Got a scrambled Rubik's Cube gathering dust on your desk? I did too, which prompted me to build a Claude Skill that solves it from six photos. Take pictures of each face, and Claude analyzes them, validates the cube state, and returns step-by-step solving instructions.

This project became a perfect way to understand how Claude Skills work—and discover some surprising aspects of building AI-powered workflows.

What Are Claude Skills?

Claude Skills are procedural workflows that extend Claude's capabilities by combining its natural strengths (vision, reasoning, conversation) with external tools like Python scripts, APIs, or command-line utilities.
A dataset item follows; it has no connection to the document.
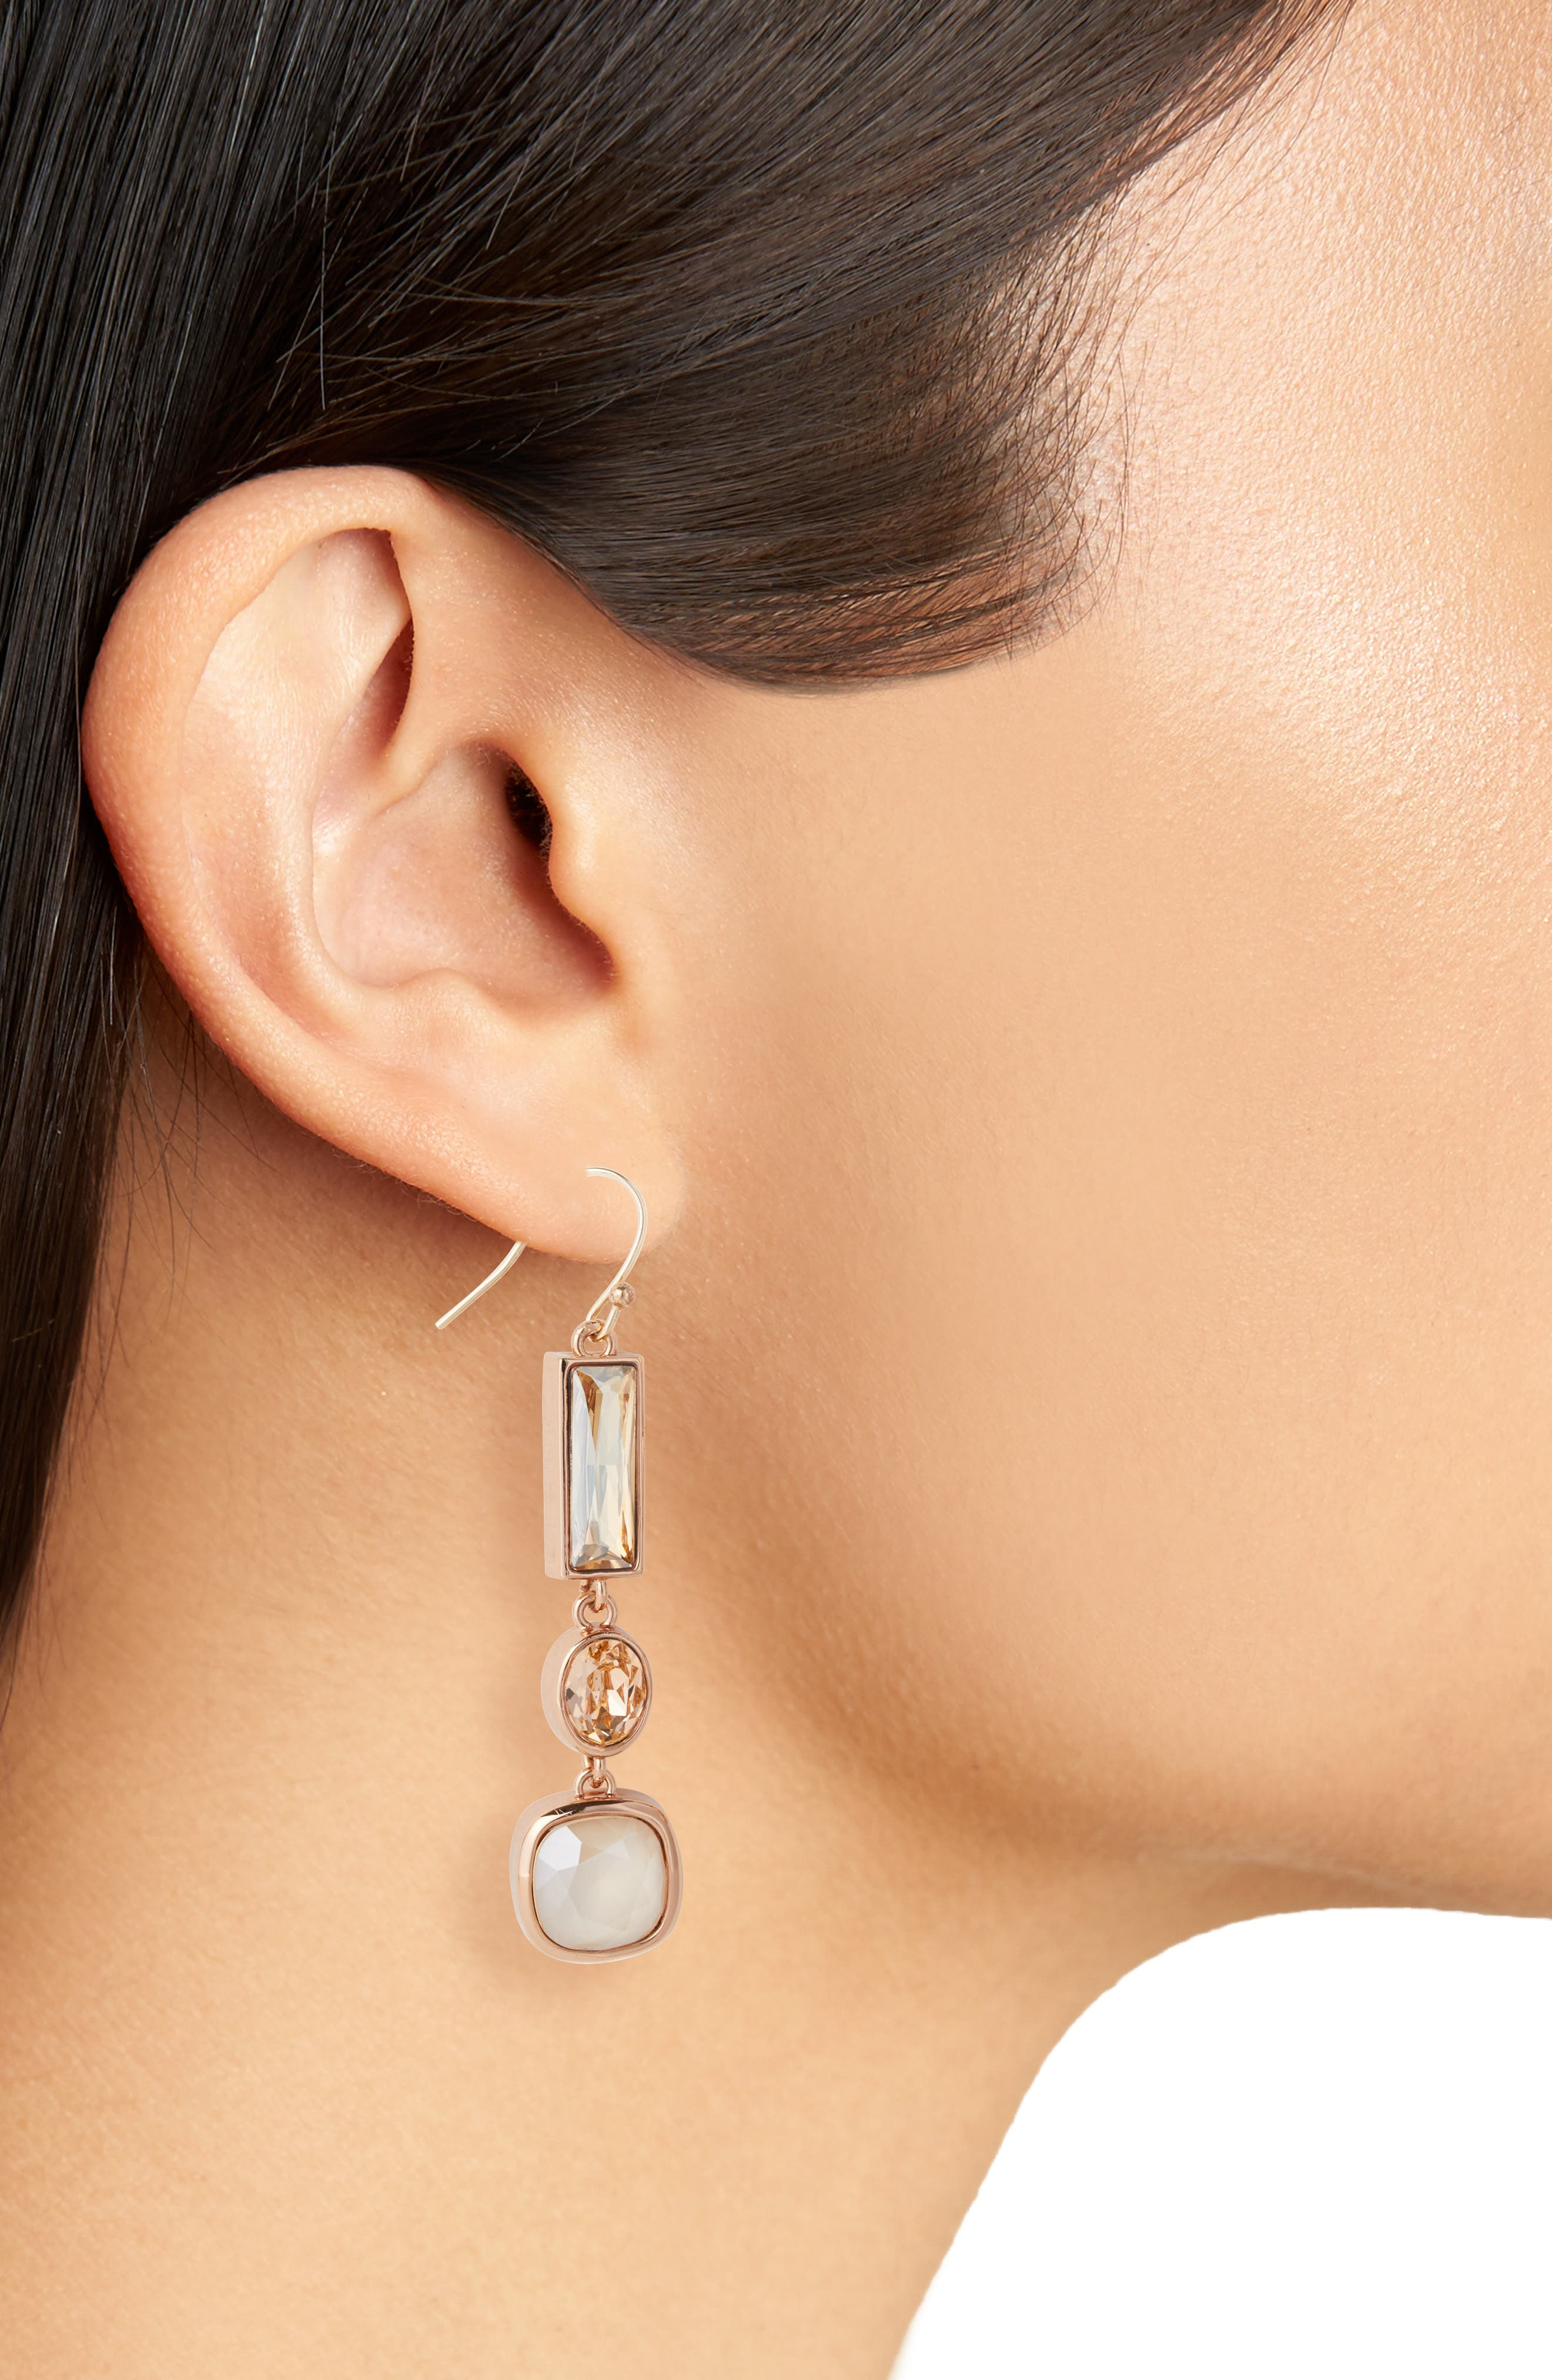 Swarovski Crystal Drop Earrings,                             Alternate thumbnail 3, color,                             220

The heart of a Claude Skill is a SKILL.md file—a markdown document containing step-by-step instructions that Claude follows. Think of it as a playbook that tells Claude how to orchestrate a complex task from start to finish.

Why does this matter? Skills are repeatable, shareable, and specialized. You can build a workflow once, package it with supporting scripts, and anyone can use it conversationally through Claude. No API wrangling, no UI to build—just describe the procedure, and Claude handles the orchestration.

Anatomy of a Claude Skill (Using the Rubik's Solver)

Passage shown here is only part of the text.